3

I am migrating person from a view to my database with the following query, which is too slow:

SELECT DISTINCT PI.VALUE ID
FROM PERSON_VIEW PERV
    inner join PERSON_IDENT PI on PI.VALUE = PERV.IDENTITY
    inner join PERSON PER on PER.ID = PI.EXTERNAL_ID
WHERE NOT EXISTS (SELECT RECORD_ID FROM PERSON_MIGR_DATA PMD
                  WHERE RECORD_ID = PERV.RECORD_ID)
  AND NOT EXISTS (SELECT RECORD_ID FROM PERSON_MIGR_ERRORS
                  WHERE RECORD_ID = PERV.RECORD_ID)

There are indexes on joined fields, but I must change this query, as it lasts 15minutes.. Tables are quite big.

So. I have PERSON_VIEW - from which I read person to migrate, PERSON_MIGR_DATA - id of migrated persons, and PERSON_MIGR_ERRORS - id of records with person thath didn't pass validation during migration.
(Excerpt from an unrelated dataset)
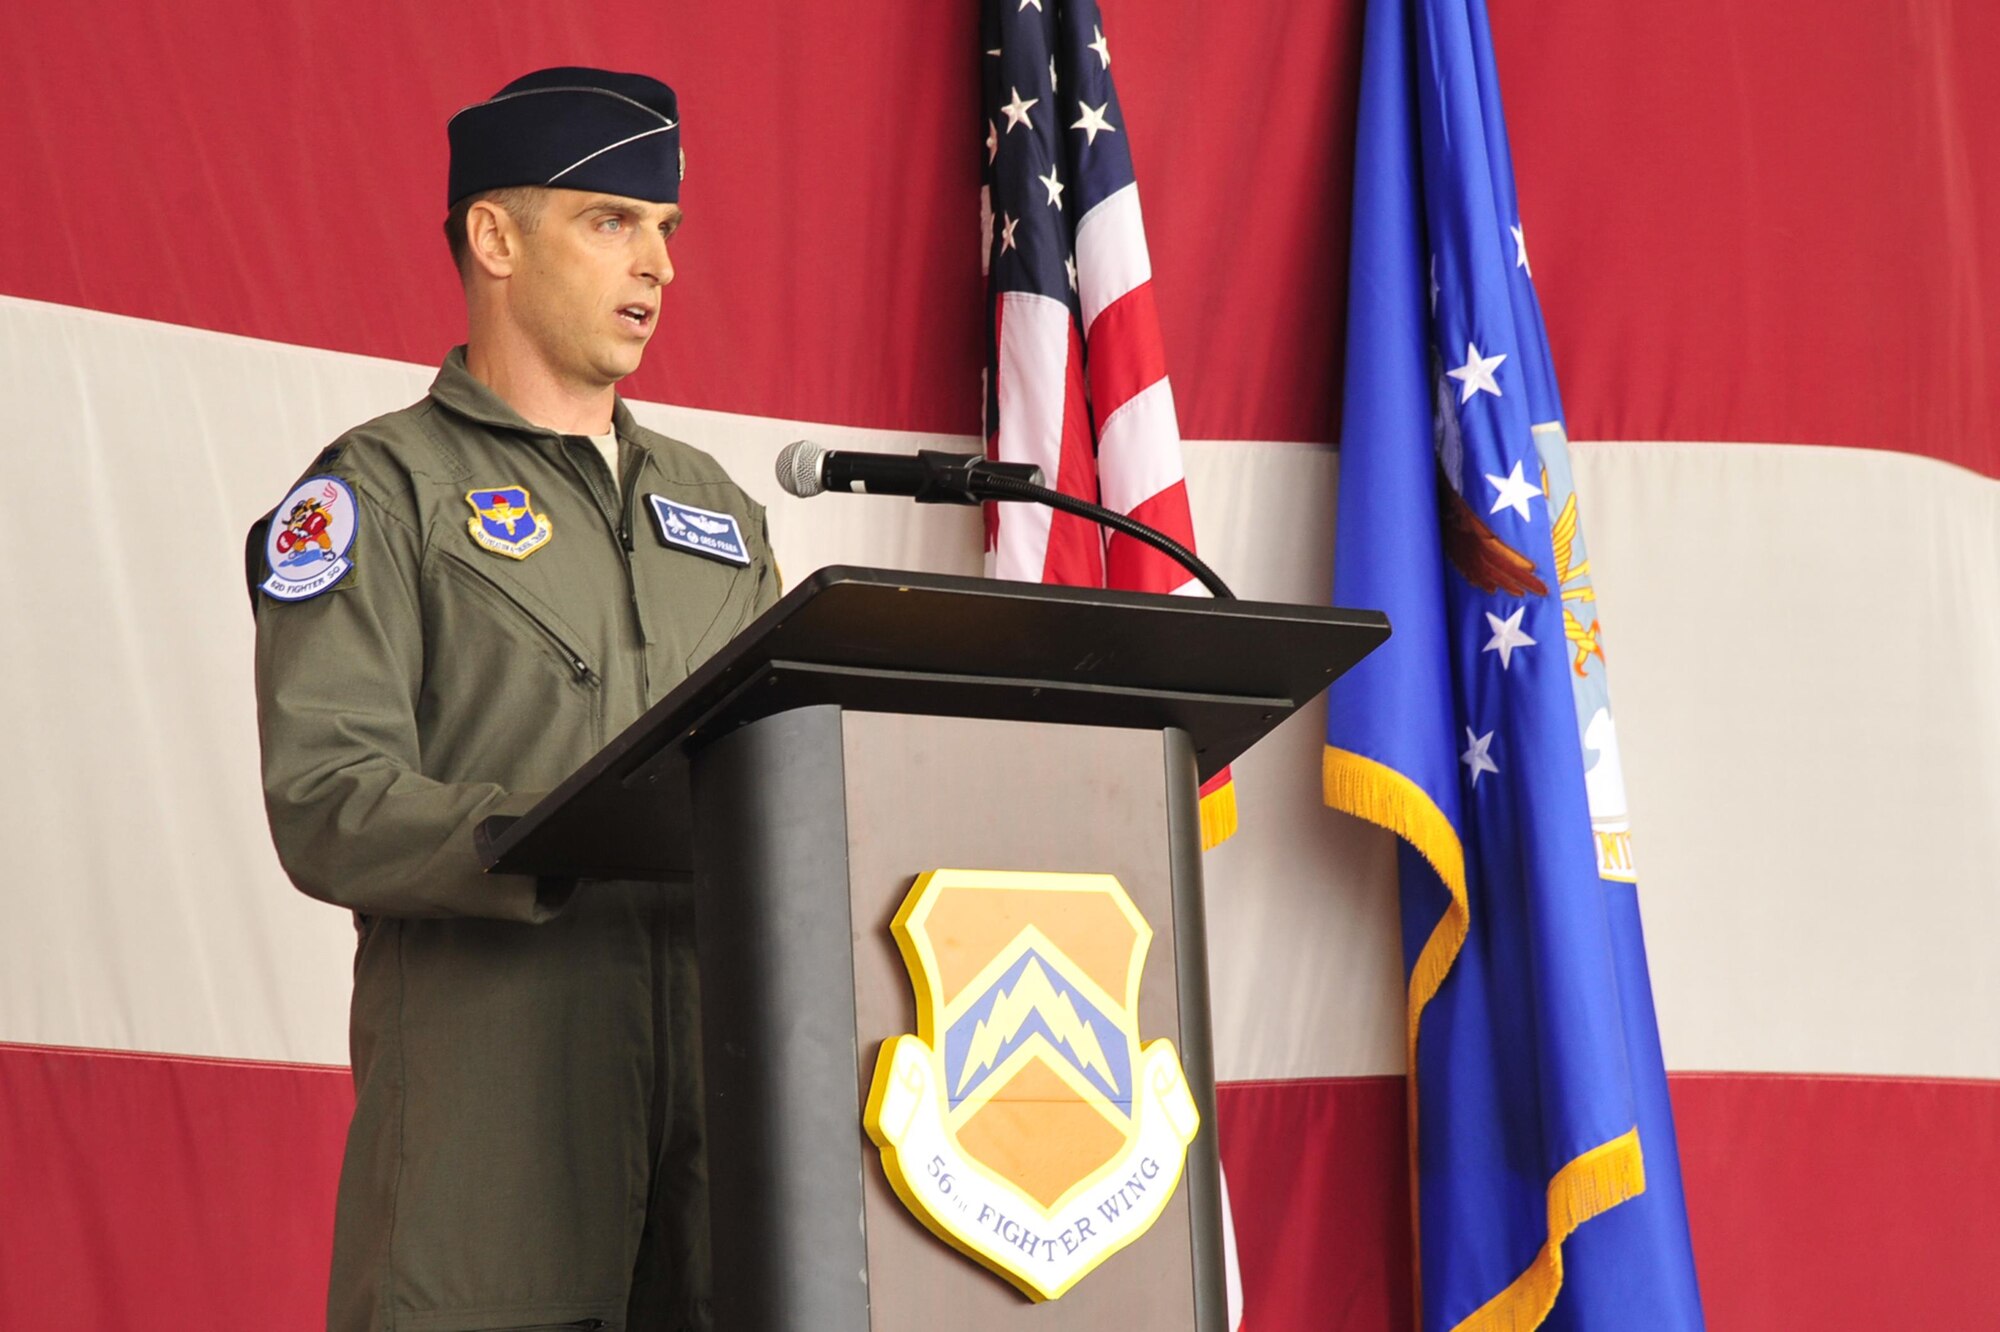 Lt. Col. Gregory Frana assumes command of the 62nd Fighter Squadron June 5, 2015 at Luke Air Force Base, Arizona. The 62nd FS is scheduled to begin accepting F-35 Lightning II jets in July and will be joined by partner nations Norway and Italy. (Courtesy Photo)

I think, that the NOT EXIST is the bottleneck. But how could make this query so that it would be faster ?

jarlh
  • 42,561
  • 8
  • 45
  • 63
michealAtmi
  • 1,012
  • 2
  • 14
  • 36
  • 1
    Have you tried making the link to person_migr_data a left join and then checking for fields where the respective field is NULL like `LEFT JOIN PERSON_MIGR_DATA PMD ON PMD.RECORD_ID = PERV.RECORD_ID` and then putting `WHERE PMD.RECORD_ID IS NULL` in the WHERE? With the same principle for the other NOT EXISTS – Magisch Jul 04 '18 at 07:54
  • 1
    "Distinct" - oh my, oh my... He is one of the "bottleneck" – Ychdziu Jul 04 '18 at 07:57
  • @Ychdziu: I don't follow... If the OP is pulling a value that may not be distinct... – Paul Jul 04 '18 at 08:02
  • 1
    @Paul: when people use "Distinct" - it often indicates, that people doesn't understand the data, they are querying. The data is taken from the view - there is a select statement in it - take from there, what you need, that you don't have to use "Distinct". – Ychdziu Jul 04 '18 at 08:06
  • 1
    @Ychdziu: Err... That's a big assumption, indicating that you believe the OP doesn't know his own data. The problem here, is that *we* don't know *his* data... – Paul Jul 04 '18 at 08:08
  • 1
    @Ychdziu Failing additional details from OP, we don't know if it's actually a view or not or other constraints OP might have with his data retrieval. Maybe the original data is just poorly deduplicated and normalized. The distinct keyword in and of itself might be necessary in the case at hand. Directly going to assuming OP is incompetent is somewhat unkind. – Magisch Jul 04 '18 at 08:08
  • 1
    Have you tried the query as a `NOT IN` table join? Do you get any better performance from this? (Even taking [this post](https://stackoverflow.com/questions/173041/not-in-vs-not-exists) into consideration. – Paul Jul 04 '18 at 08:11
  • 1
    @Paul,Magisch : I don't deny that, its all in assumptions. OP stated, that its a view, and he wants to improve hes statement - so one of the option is to dig deeper in the view, and take from there whats is important. Work for that data! Lol. – Ychdziu Jul 04 '18 at 08:12
  • Thank u guys, JOIN is a way faster!! – michealAtmi Jul 04 '18 at 08:33

1 Answers1

7

You coul try using a pair of left join for not matching (instead of not exist)

SELECT DISTINCT PI.VALUE ID
FROM PERSON_VIEW PERV
inner join PERSON_IDENT PI on PI.VALUE = PERV.IDENTITY
inner join PERSON PER on PER.ID = PI.EXTERNAL_ID
LEFT JOIN PERSON_MIGR_DATA PMD ON  PMD.RECORD_ID = PERV.RECORD_ID
LEFT JOIN PERSON_MIGR_ERRORS PME ON  PME.RECORD_ID = PERV.RECORD_ID
where PMD.RECORD_ID is null and PME.RECORD_ID is null 
ScaisEdge
  • 131,976
  • 10
  • 91
  • 107